Distinction from other pack formats

This format is distinct from:

Outer layout

+0x0000  u32 chunk0_header     ; (type=0x00 << 24) | first_chunk_size
+0x0004  ...chunk0 payload...  ; opaque streaming data
                                ; (chunk0 payload's last u32 holds the trailer record count)
+chunk0_size + 4   u32         ; streaming-format terminator (low24=0)

+chunk0_size       u32 record_count       ; e.g. 0x57 = 87 slots
+chunk0_size + 4   u32 reserved           ; always 0
+chunk0_size + 8   Record[record_count]   ; 12 bytes each

data_base  ; next 0x800-aligned offset that satisfies the per-record dec_size sanity check
data_base + Record[i].data_offset  ; compressed entry for record i

The chunk0 header at offset 0 carries the trailer record count in its last u32 - the count is simultaneously the streaming chunk's final payload word and the trailer-table count. The chunk-stream terminator at chunk0_size + 4 lets the runtime's streaming walker stop cleanly without ever inspecting the trailer.

Record (12 bytes)

u32 on_disc_size  ; allocation footprint of the compressed entry (NOT the LZS stream length)
u32 id            ; slot id (0..0x7F observed); 0 marks an empty/filler slot
u32 data_offset   ; byte offset from data_base

on_disc_size is the slot's reservation, not the LZS stream length. The LZS decoder stops based on its output count (dec_size), so the compressed input often spills past on_disc_size into the next slot's region. Decoders MUST hand the decompressor a generous source slice (e.g. the entire remainder of the file from data_base + data_offset + 4) rather than truncating to on_disc_size - 4.

The table is sized to the maximum slot count the engine ever loads.

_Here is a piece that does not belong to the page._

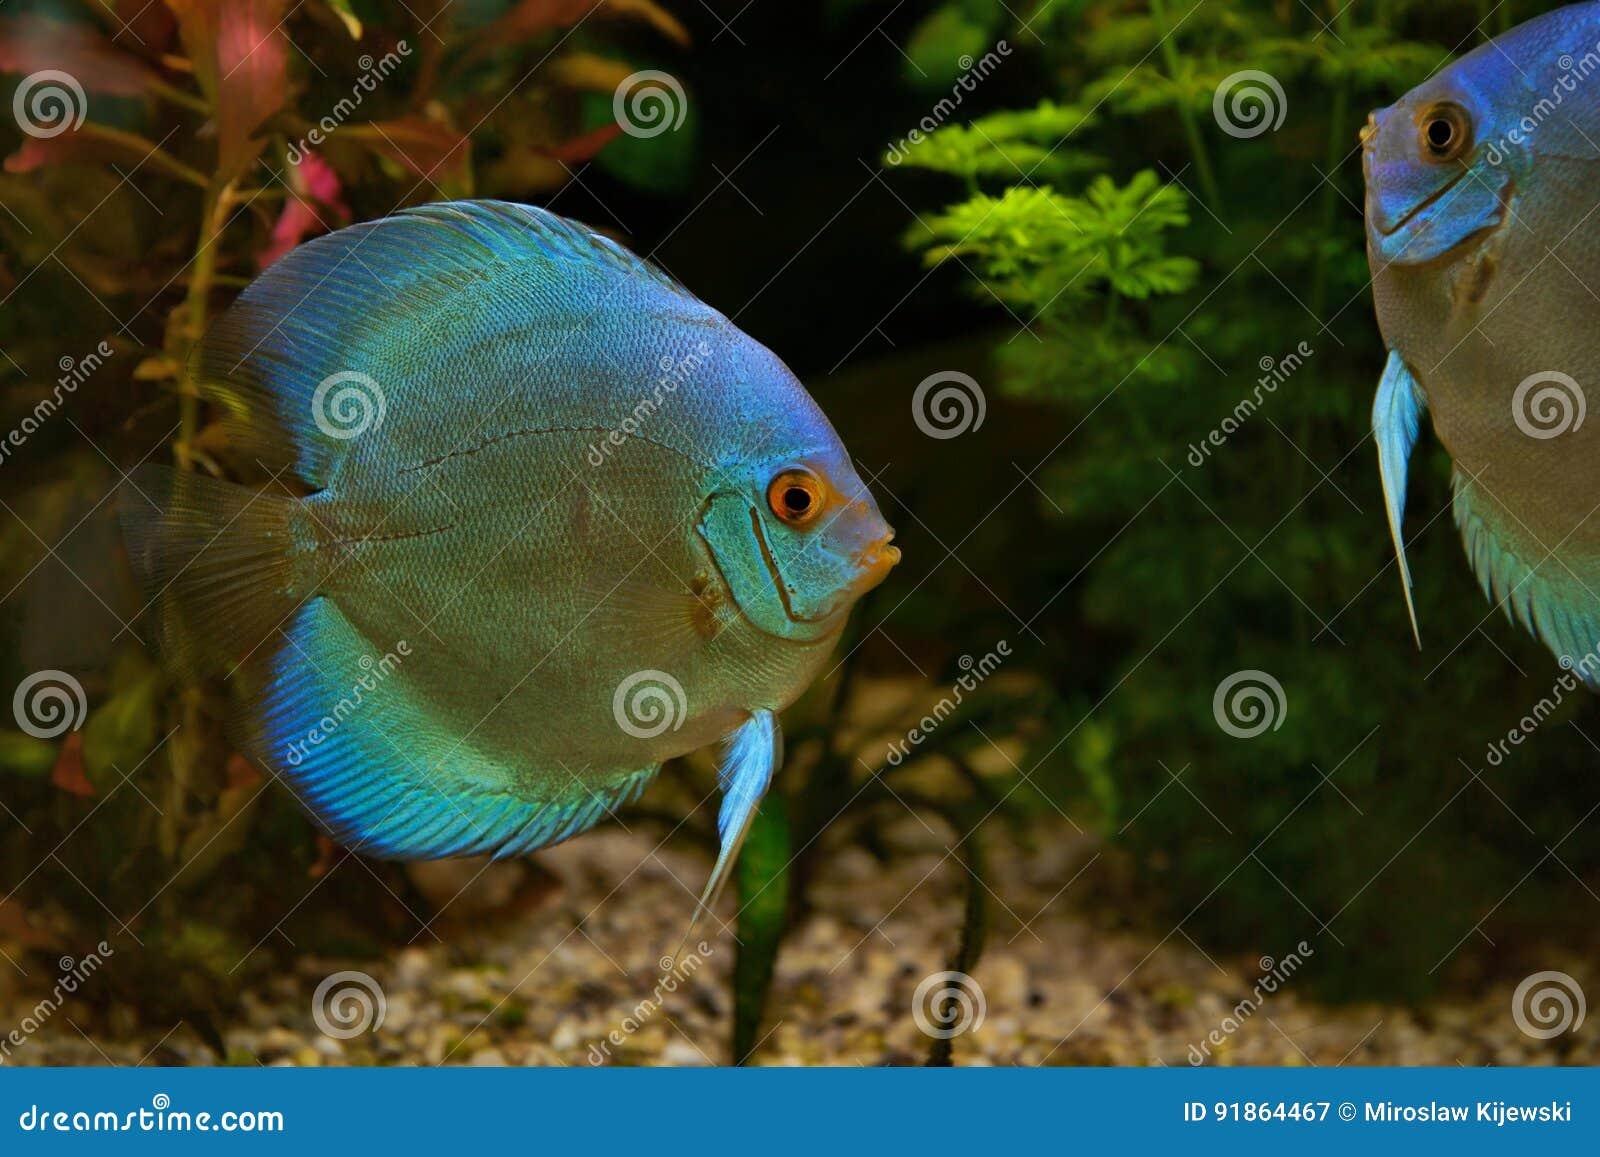 Discus Symphysodon Cichlids In The Aquarium The Freshwater Fish

Real files use only the first 30-50 records and zero-pad the rest. The parser stops at the first zero-on_disc_size row.

A slot with id = 0 and data_offset = 0 is a filler entry. Retail 0865 has one such entry (rec 42) that points back into the table-padding region. Don't decode filler slots.

Compressed entry

At file offset data_base + record.data_offset:

u32 decompressed_size       ; output byte count
LZS stream                  ; legaia LZS; see lzs.html

The LZS stream is the standard Legaia LZS as used everywhere else, with the same 4 KB zero-initialised ring buffer.

Decompressed entry layout

+0x00  u32 magic_or_count    ; 0x14 (= 20) in every observed 0865 record
+0x04  u32 sub_obj0_end      ; nested-section end offset within decoded buffer; often 0
+0x08  u32 sub_obj1_end      ; nested-section end; non-zero in records with multiple sub-meshes
+0x0C  u32 tmd_body_end      ; offset where the embedded Legaia TMD ends
+0x10  u32                   ; per-texture flag (typically 0x010000 / 0x010002)
+0x14  u32                   ; texture format tag (typically 0x010002 / 0x05040303)
+0x18  u32                   ; sometimes 0; sometimes a packed (slot, bpp) tag
+0x1C  u32                   ; offset to start of CLUT/texture pool (~= tmd_body_end - 0x20)
+0x20  Legaia TMD            ; magic 0x80000002, custom Legaia variant (see tmd.html)
+tmd_body_end                ; texture / CLUT pool

The 32-byte header acts as a layout descriptor for the post-TMD texture pool. Fields at +0x10..0x20 correlate with the slot ids the TMD's primitives reference, but the exact semantics aren't fully pinned.

TMD location

The TMD is at +0x20 for every simple-shape record. Some records have nested sub-meshes and the TMD shifts later in the buffer; the locator in legaia_asset::battle_data_pack first tries +0x20 and then falls back to a word-aligned magic scan.

Post-TMD texture pool

The bytes after the TMD hold packed texture and palette data. Empirically:

  • The first 32 bytes after the TMD form a valid 16-color RGB1555 CLUT row (verified by checking the high-transparency bit on every halfword).
  • Larger 4bpp pixel regions follow, interspersed with more 32-byte CLUT-shaped runs.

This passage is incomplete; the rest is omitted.